Изменить стиль страницы

— Довольно, Таня. Я не хочу сегодня ни говорить, ни думать ни о чем печальном.

Княжна переоделась и пошла к ужину, а Таня вернулась к себе в комнатку. Тут ее лицо преобразилось. Злобный огонь засверкал в ее глазах, на лбу появились складки, рот конвульсивно скривился в сардоническую улыбку.

— Вот как, ваше сиятельство? Вы желаете получить меня в приданое? Вы делаете мне честь, будущая княгиня Луговая, избирая меня в горничные. Красивая девушка, хотя и видна холопская кровь, для Петербурга это нужно. Посмотрим только, удастся ли вам это! — злобным шепотом говорила сама с собой Татьяна Берестова. — Надо нынче же повидать отца… поведать ему радость семейства княжеского. Пусть позаботится обо мне, своей дочке.

Слова «отец» и «дочка» она произнесла со злобным ударением.

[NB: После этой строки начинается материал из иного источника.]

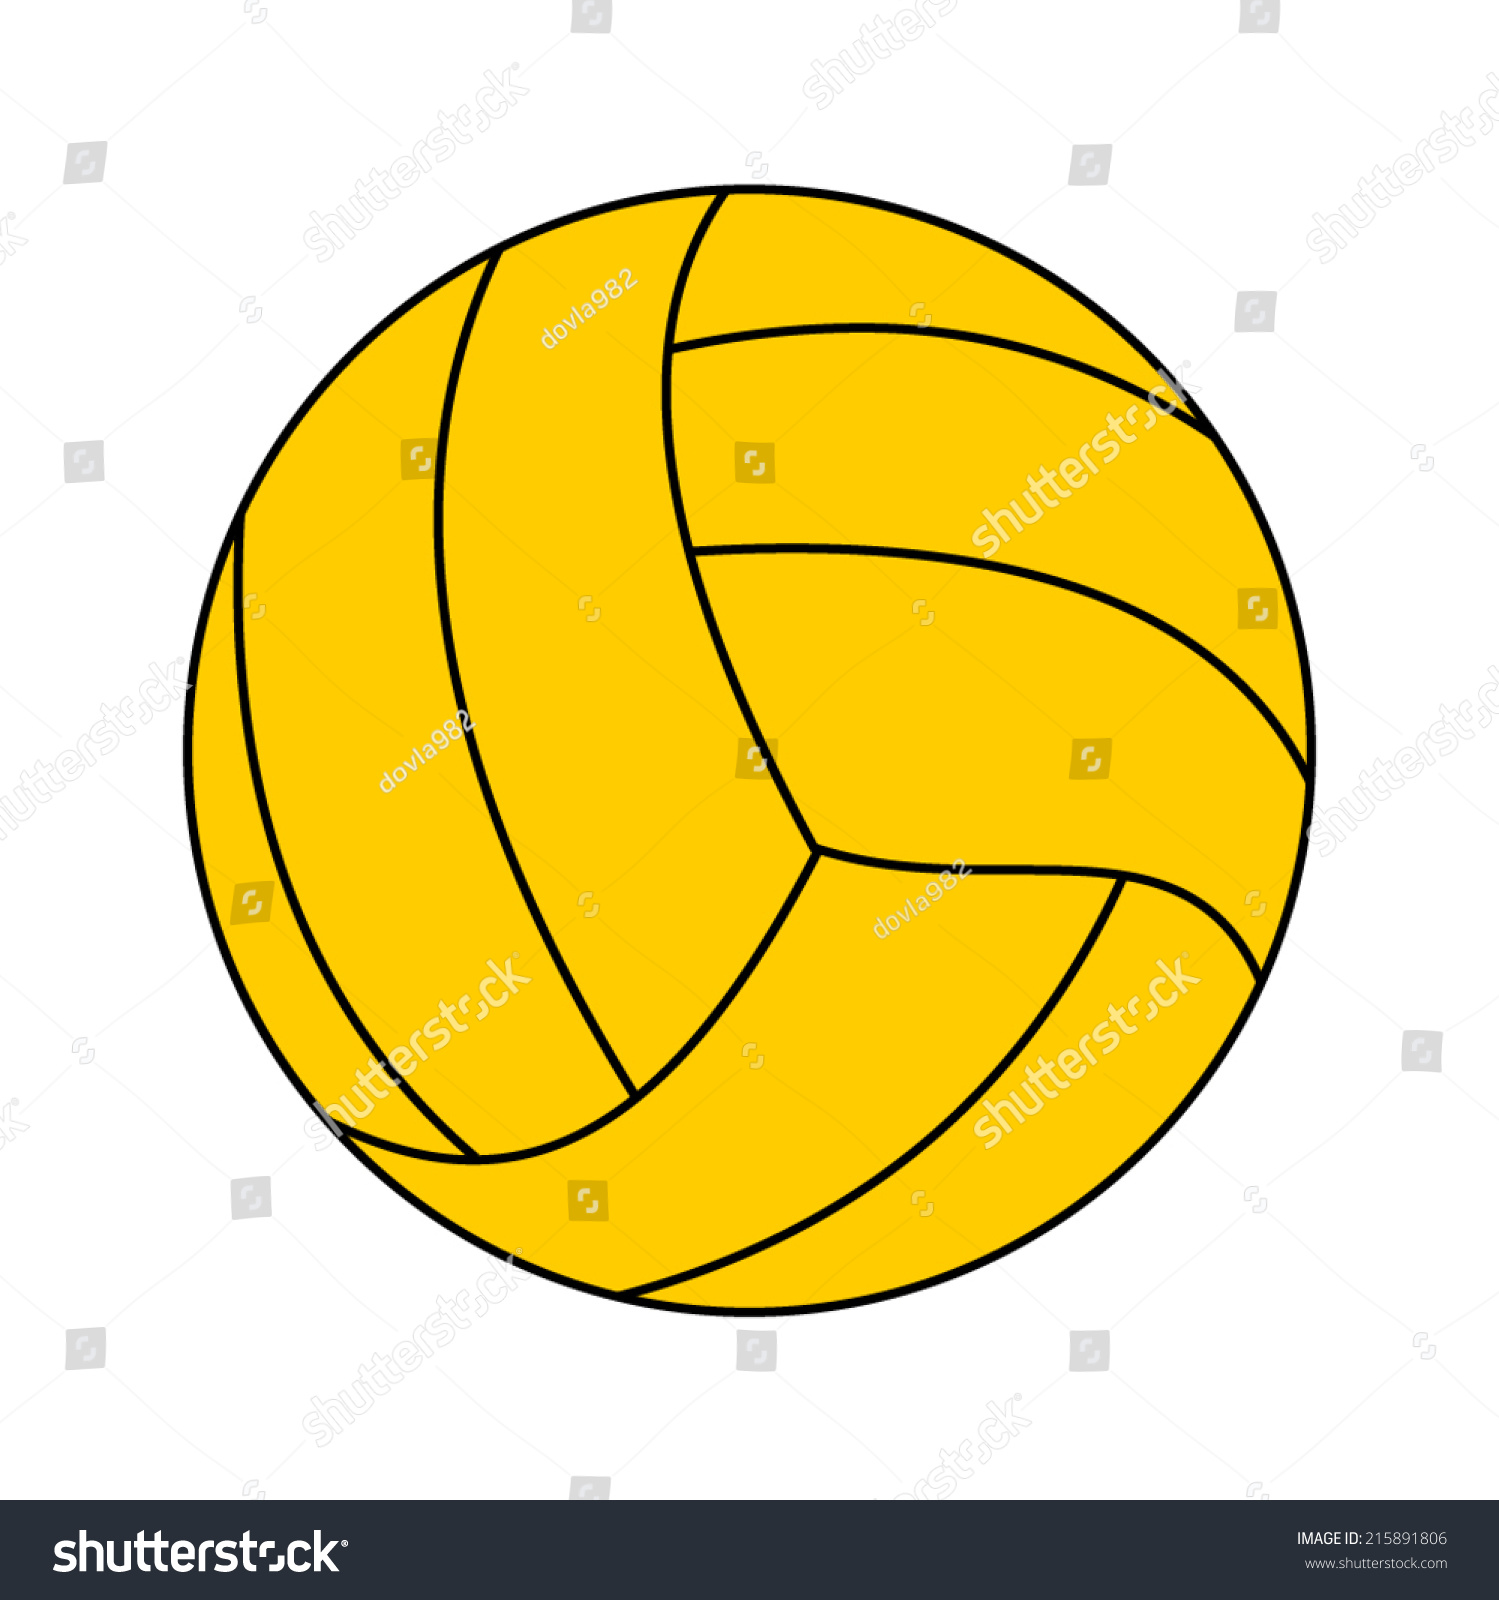 Stock Vector Vector Illustration Of Water Polo Ball Isolated On White Background 215891806

Между тем княгиня и княжна, обе успокоившиеся от охватившего их волнения, мирно беседовали о завтрашнем визите князя и об открывающемся будущем для княжны.

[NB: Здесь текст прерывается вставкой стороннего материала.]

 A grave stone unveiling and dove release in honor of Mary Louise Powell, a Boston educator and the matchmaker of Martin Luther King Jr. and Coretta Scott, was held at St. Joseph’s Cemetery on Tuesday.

— Увезет тебя молодой муж в Петербург, — сказала княгиня.

— А ты, мама, разве не поедешь с нами?

— Куда мне на старости лет трясти такую даль свои кости? Вот, может, когда устроитесь совсем, поднимусь да и приеду навестить, но чтобы совсем переселяться в этот Вавилон — нет, этого я не смогу. Я привыкла к своему дому, к своему месту.

— И тебе не жаль расстаться со мной? Ведь я буду одна.

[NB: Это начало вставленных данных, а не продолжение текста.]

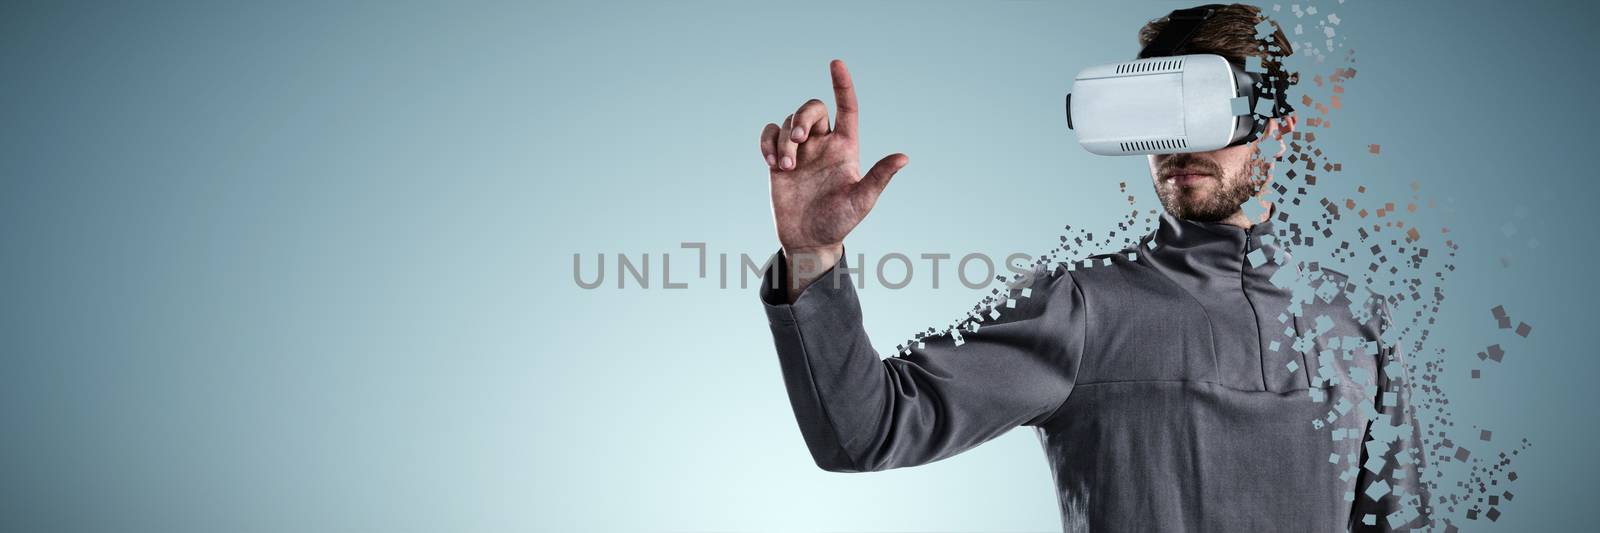 Man gesturing while using virtual reality headset against abstract grey background

— Зачем одна? У тебя будет муж, а затем там дядя.

— Не лучше ли Сергею выйти в отставку и навсегда поселиться в Луговом?

— Это не для того ли, чтобы меня, старуху, каждый день видеть? — засмеялась Васса Семеновна. — Ах, какое же ты еще глупое дитя! У него там служба, ему надо делать карьеру. Государыня, говорят, очень любит его… и тебя полюбит. Ты будешь вращаться при дворе.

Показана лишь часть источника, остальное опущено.